- Born: Miami, Florida, U.S.
- Other name: SophieRaiin
- Occupation: Internet celebrity
- Years active: 2023–present

Instagram information
- Page: sophieraiin;
- Years active: 2023–present
- Followers: 8.9 million

TikTok information
- Page: Sophie Rain;
- Followers: 15.4 million

= Sophie Rain =

American Internet personality

Sophie Rain is an American internet personality and online content creator. She went viral in late 2024 after announcing that she earned in her first year on OnlyFans. Rain co-founded the Bop House, in which she and fellow OnlyFans creators collaborate on each other's online content. She has also appeared in TikTok videos with rapper NLE Choppa.

== Life and career ==
Rain is based in Miami. She was born to an American father and a Filipino mother, and has three siblings. She uses a stage name and says she declines to share her birthday or real age online for privacy reasons. She set up her OnlyFans account in May 2023 and uses the handle "SophieRaiin" across her social media platforms. She has stated that her OnlyFans content was solo and that she was a Christian and a virgin, that she was fired from a restaurant after her boss discovered her account, that she checked in on her home church in Tampa, Florida when they offered online services, and that she lived on food stamps as a child.

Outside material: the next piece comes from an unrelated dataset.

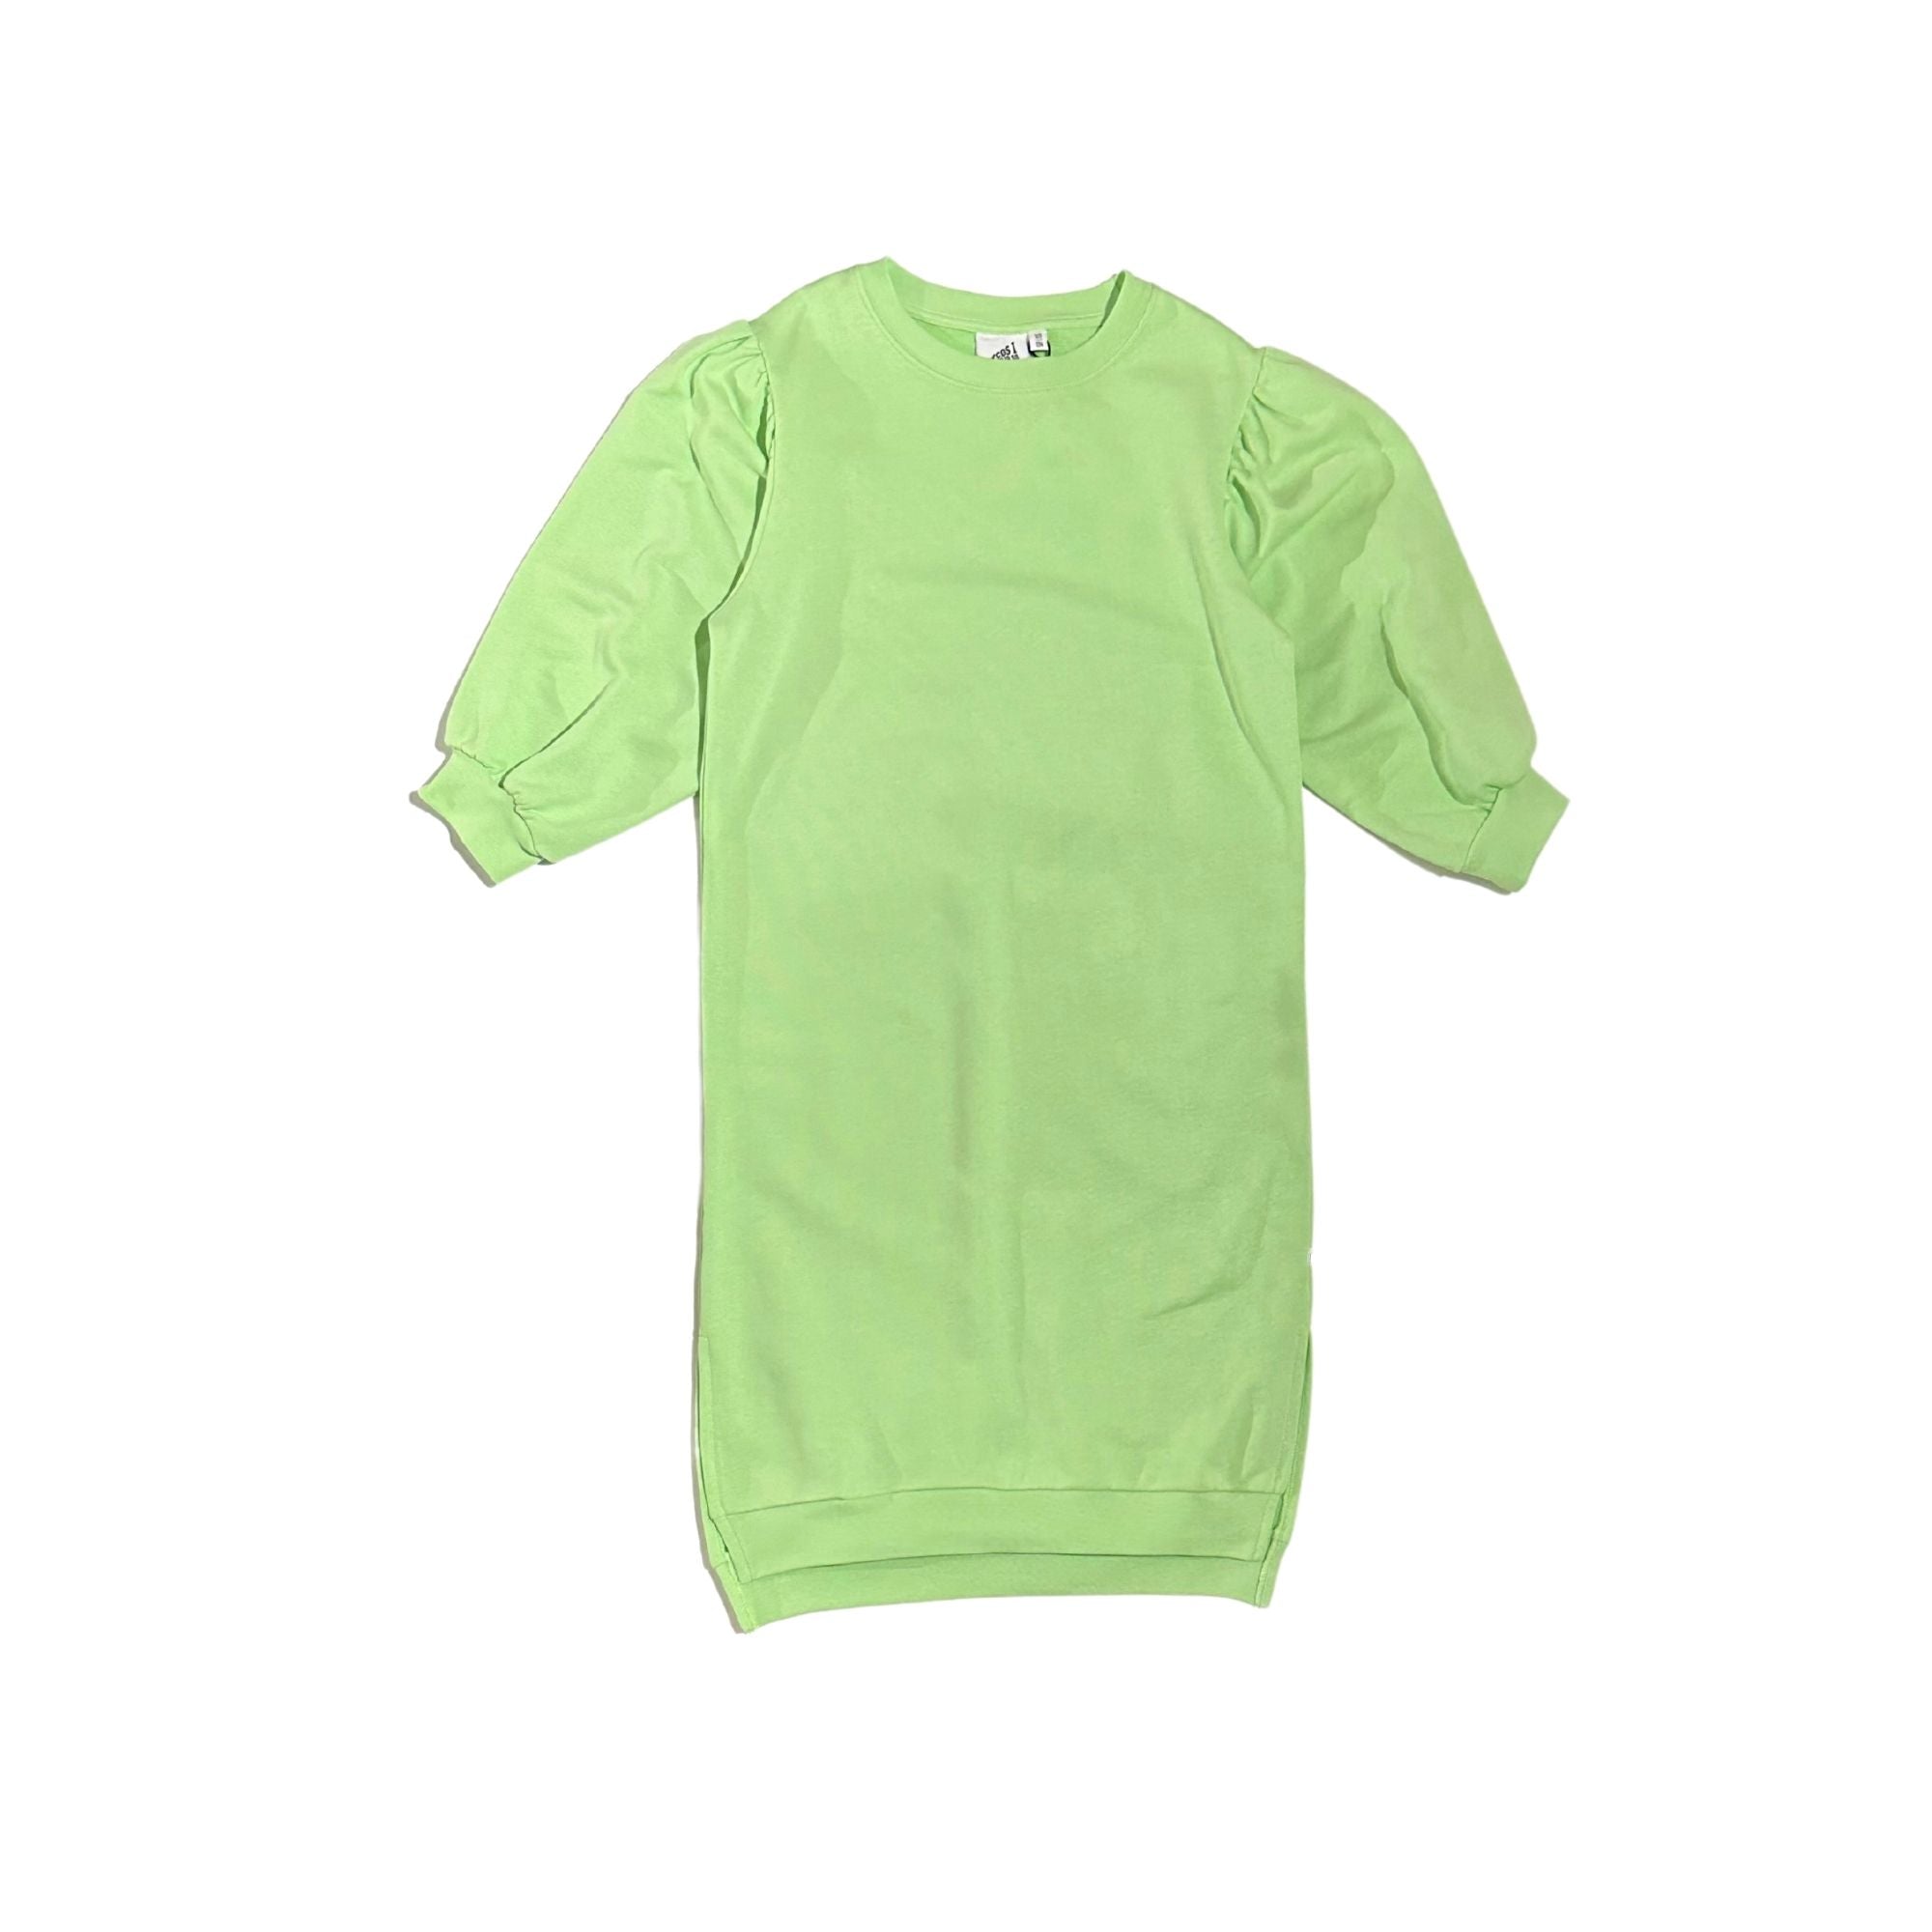 Cos I Said So - puff sleeve sweater dress - paradise green

In late June 2024, she and rapper NLE Choppa posted two TikTok videos in which they lipsynched to Choppa's "Slut Me Out 2"; by July 10, the pair had been viewed 27,200,000 times. By Thanksgiving 2024, her account was charging $10 a month. That November, she uploaded a photo of her OnlyFans dashboard stating that she had made $43 million in her first year on the platform, which went viral. In February, she announced that she had made over $50 million in net profit. Her earnings were reportedly enough for her parents to retire.

On December 12, 2024, Rain and fellow OnlyFans creator Aishah Sofey co-founded Bop House, a group of content creators who collaborate on each other's OnlyFans content. Originally based in an Airbnb in Fort Lauderdale, the group moved to another Fort Lauderdale location after their landlord kicked them out, and then moved again, this time to a Brickell skyscraper. In February 2025, NBC Miami reported that Fort Lauderdale police arrested a man accused of breaking into a Fort Lauderdale home associated with Rain. Combined, its initial eight creators had at least 33 million followers on TikTok; by January 7, 2025, the collective itself had 1,300,000 followers. Rain left the house in July 2025 to spend more time on her farm in Tampa, although she continued to film content with the other members.

In August 2025, Rain called into an August MrBeast charity stream for Team Water and pledged $1,000,000; around this time, her OnlyFans profile advertised nude content and footage of her masturbating. In January 2026, she denied claims by 2026 Florida gubernatorial election Republican primary candidate James Fishback that the site was exploiting her, and criticized his plans to implement a 50% "sin tax" on OnlyFans income. Rain mocked Fishback's defeat in the Republican primary on August 18, where Fishback was defeated by U.S. representative Byron Donalds.